Opinion: Did the 1974 budget law make a difference? Especially for lawmakers


Fifty years ago, Congress tried to rein in deficits and fix the budget process—or, perhaps, lawmakers were simply trying to claw back some spending power from the White House.

If the goal was fiscal responsibility, the results have been mixed at best. But if the goal was merely to get Congress to exercise its power over the budget, five decades of experience show: mission accomplished.

The Congressional Budget Control and Impoundment Act of 1974, signed by President Nixon while he was facing impeachment, created the House and Senate Budget Committees and the Congressional Budget Office to guide lawmakers in developing and implementing spending plans. It also created a process for Congress to create a budget each year and procedures for enacting the spending and revenue measures provided for in that budget.

While this seems simple today, it wasn't always so. Nixon had long fought with Congress over spending control and had been withholding money that Congress had authorized and appropriated.

In 1973 alone, Nixon withheld or “seized” $18 billion in authorized and appropriated spending, representing 34 percent of all domestic discretionary spending that year. If applied at the current level of domestic spending, that would represent more than $240 billion in sequestrations.

It would seem that controlling debt and deficits was not the primary goal of the 1974 law. For legislators, the main attraction was the part of the bill called “Impost Control,” intended to prevent the executive branch from subverting the legislature’s spending decisions.

Because Congress was not significantly constrained by irresponsible fiscal decisions, deficits and debt increased. In 1981, under President Reagan, policymakers focused more on the growing deficit and passed budget measures aimed at achieving a balanced budget.

Congress set annual deficit targets, imposed pay-as-you-go procedures for tax cuts and entitlement increases so that any law with a price tag also had to have a plan to pay for it, set caps on annually allocated spending, directed widespread spending cuts if those targets or caps were breached, and created other rules and processes to help balance the nation's revenues and spending.

So how well has Congress balanced the budget? And has it gotten deficits and debt under control? Not very well (except for four years beginning in 1998, when the government ran budget surpluses and one of us chaired the House Budget Committee).

To control sequestration, the 1974 law established an orderly process by which the president could withhold funds either by temporarily deferring them or by asking Congress for a rescission, which is a permanent reduction in spending.
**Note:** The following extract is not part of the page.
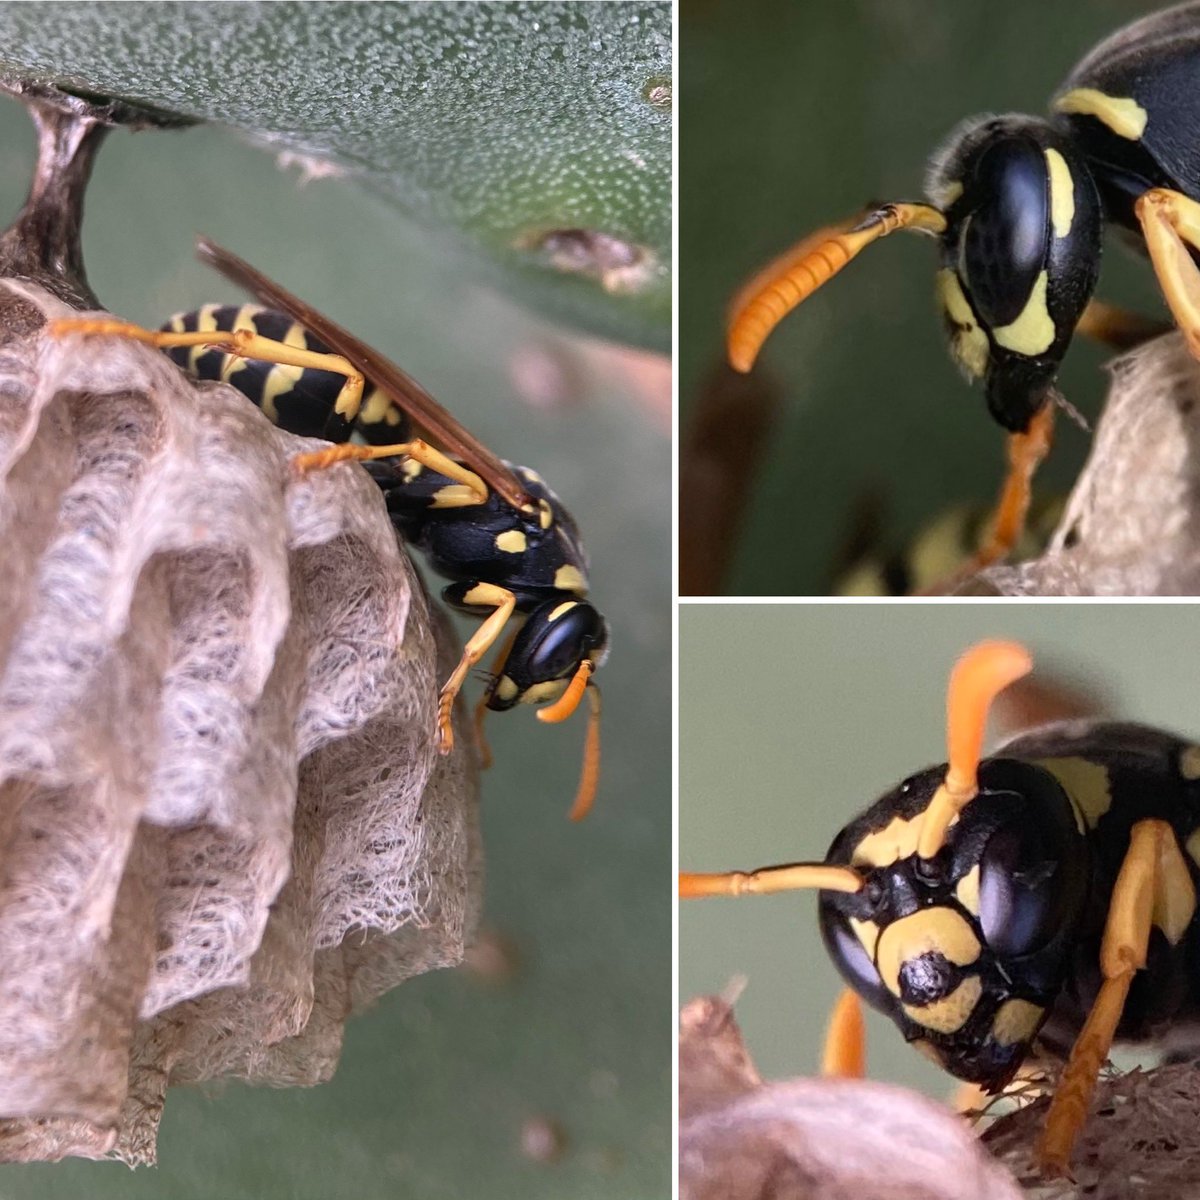 The beautiful Paper Wasp, on the equally beautiful structure it’s created on a Prickly Pear … still posting photos from Malta 😁 #wasp #insect #malta

From Ford to Trump, presidents requested a total of $91.9 billion in rescissions. Congress approved only $22.7 billion. Reagan requested half of all rescissions requested in the past 50 years, while Presidents George W. Bush and Obama requested none.

Congress itself initiated more than $380 billion in rescissions, but most of them occurred at a time when Congress had imposed caps on annual appropriations. As a result, those rescissions did not reduce spending; they simply forced lawmakers to reallocate spending to stay below the caps.

The assessment here, 50 years on, would have to be that while Congress has rebalanced power in its direction, it has not resulted in significant savings for taxpayers.

As for the Congressional Budget Act portion of the bill, the 50-year history is more nuanced. Over the past 50 years, Congress has failed to adopt an annual budget resolution 14 times, including this year. The failure occurred twice when Democrats controlled both chambers (2011, 2023) and four times when Republicans controlled both chambers (1999, 2005, 2007, and 2019). A modicum of bipartisanship is typically key to passage: With polarization growing, for eight years beginning in 2003, a divided Congress failed to enact a fiscal plan to inform spending and revenue decisions.

In recent years, two tax cuts have received broad support (the Tax Cuts and Jobs Act of 2017 and the Inflation Reduction Act of 2022), but neither of them resulted in deficit reduction. That problem has only gotten worse.

In 1974, federal revenues accounted for 17.8% of the economy. That share fell slightly to 17.5% this year and averaged 17.3% over the entire period. However, spending was 18.2% of the economy in 1974 and is more than 23.1% today.

Where has that spending increased? Not in funding our national security or in domestic discretionary accounts, which together fell from 9.3% to 6.7% of GDP between 1974 and 2024. Spending on “mandatory” programs (particularly Social Security, Medicare, and Medicaid) nearly doubled, rising from 8.5% to 15.3% of GDP over the same period. This has contributed to debt growing from 32% of the economy in 1974 to more than 101% today.

Judging by these figures, the law has failed miserably. But should that surprise anyone? Each year's national budget is a product of politics, of insatiable public demand for services and of the public's unwillingness to pay more taxes. No budget process we have yet tried can force legislators to ignore these realities and achieve a certain fiscal outcome.

The fiscal outlook for the next 50 years is grim unless presidents and Congresses, both now and in the future, address the need to raise more revenue and curb the growth of mandatory spending. This will require a larger and better bill than the Congressional Budget Control and Impoundment Act of 1974.

John R. Kasich, former chairman of the House Budget Committee, is a senior fellow at the Bipartisan Policy Center, where G. William Hoagland, former staff director of the Senate Budget Committee, is a senior vice president.